**ACTIVITY**.
From the records below, copy out exactly the lines from the one containing "This funnel cloud" to the one containing "If you don't", both included. Add nothing else.

Records from a collection:
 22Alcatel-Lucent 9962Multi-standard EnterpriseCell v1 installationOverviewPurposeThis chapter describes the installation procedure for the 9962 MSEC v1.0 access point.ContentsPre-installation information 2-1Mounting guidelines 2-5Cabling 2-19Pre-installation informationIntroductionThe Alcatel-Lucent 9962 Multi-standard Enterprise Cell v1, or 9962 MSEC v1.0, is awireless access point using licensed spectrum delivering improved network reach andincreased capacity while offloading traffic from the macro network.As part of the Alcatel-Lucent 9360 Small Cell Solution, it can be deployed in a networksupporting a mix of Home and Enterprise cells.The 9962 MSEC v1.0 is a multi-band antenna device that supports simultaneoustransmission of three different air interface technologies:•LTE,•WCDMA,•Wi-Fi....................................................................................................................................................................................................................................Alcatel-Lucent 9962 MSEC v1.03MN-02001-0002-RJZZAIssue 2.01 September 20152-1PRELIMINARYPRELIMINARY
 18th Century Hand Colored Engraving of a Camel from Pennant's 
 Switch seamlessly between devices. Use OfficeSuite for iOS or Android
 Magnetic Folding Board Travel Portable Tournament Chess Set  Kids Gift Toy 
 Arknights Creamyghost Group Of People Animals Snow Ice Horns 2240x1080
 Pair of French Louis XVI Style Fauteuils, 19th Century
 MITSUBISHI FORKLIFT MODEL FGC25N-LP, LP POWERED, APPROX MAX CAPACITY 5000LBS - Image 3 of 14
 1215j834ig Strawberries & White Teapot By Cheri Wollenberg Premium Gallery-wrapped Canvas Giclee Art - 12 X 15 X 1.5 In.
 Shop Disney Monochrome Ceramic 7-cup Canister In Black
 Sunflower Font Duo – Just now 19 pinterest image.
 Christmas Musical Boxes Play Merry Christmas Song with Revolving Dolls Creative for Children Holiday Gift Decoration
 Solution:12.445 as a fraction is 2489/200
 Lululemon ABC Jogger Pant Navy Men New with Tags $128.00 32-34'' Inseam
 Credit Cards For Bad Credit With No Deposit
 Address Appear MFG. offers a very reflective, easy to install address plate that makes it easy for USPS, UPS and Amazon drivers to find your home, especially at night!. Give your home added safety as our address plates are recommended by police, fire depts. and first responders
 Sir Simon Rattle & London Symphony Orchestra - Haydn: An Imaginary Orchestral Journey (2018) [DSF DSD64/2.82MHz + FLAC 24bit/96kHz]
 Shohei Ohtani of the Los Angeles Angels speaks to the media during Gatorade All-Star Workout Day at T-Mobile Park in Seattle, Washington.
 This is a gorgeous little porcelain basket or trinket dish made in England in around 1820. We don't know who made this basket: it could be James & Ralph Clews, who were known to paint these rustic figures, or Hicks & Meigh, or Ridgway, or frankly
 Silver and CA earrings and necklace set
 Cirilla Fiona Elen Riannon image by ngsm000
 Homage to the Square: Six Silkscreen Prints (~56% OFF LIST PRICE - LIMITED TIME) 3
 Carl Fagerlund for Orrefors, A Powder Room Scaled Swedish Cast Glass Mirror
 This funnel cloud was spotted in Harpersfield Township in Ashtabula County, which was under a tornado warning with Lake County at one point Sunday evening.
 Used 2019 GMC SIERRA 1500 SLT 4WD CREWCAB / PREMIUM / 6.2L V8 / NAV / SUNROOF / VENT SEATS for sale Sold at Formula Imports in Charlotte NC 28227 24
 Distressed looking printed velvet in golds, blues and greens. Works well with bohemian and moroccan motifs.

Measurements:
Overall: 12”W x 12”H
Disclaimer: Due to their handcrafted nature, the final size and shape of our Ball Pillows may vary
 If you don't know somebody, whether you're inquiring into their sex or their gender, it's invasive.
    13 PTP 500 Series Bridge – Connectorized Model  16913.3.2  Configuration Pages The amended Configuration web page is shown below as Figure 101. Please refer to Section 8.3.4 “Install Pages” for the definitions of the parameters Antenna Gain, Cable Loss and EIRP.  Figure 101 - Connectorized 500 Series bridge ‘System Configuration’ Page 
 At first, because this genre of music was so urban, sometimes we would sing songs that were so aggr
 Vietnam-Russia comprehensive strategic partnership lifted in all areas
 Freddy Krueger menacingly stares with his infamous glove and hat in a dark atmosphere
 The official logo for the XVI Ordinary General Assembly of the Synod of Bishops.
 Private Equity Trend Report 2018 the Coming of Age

**ANSWER TO THE PROBLEM**.
 This funnel cloud was spotted in Harpersfield Township in Ashtabula County, which was under a tornado warning with Lake County at one point Sunday evening.
 Used 2019 GMC SIERRA 1500 SLT 4WD CREWCAB / PREMIUM / 6.2L V8 / NAV / SUNROOF / VENT SEATS for sale Sold at Formula Imports in Charlotte NC 28227 24
 Distressed looking printed velvet in golds, blues and greens. Works well with bohemian and moroccan motifs.

Measurements:
Overall: 12”W x 12”H
Disclaimer: Due to their handcrafted nature, the final size and shape of our Ball Pillows may vary
 If you don't know somebody, whether you're inquiring into their sex or their gender, it's invasive.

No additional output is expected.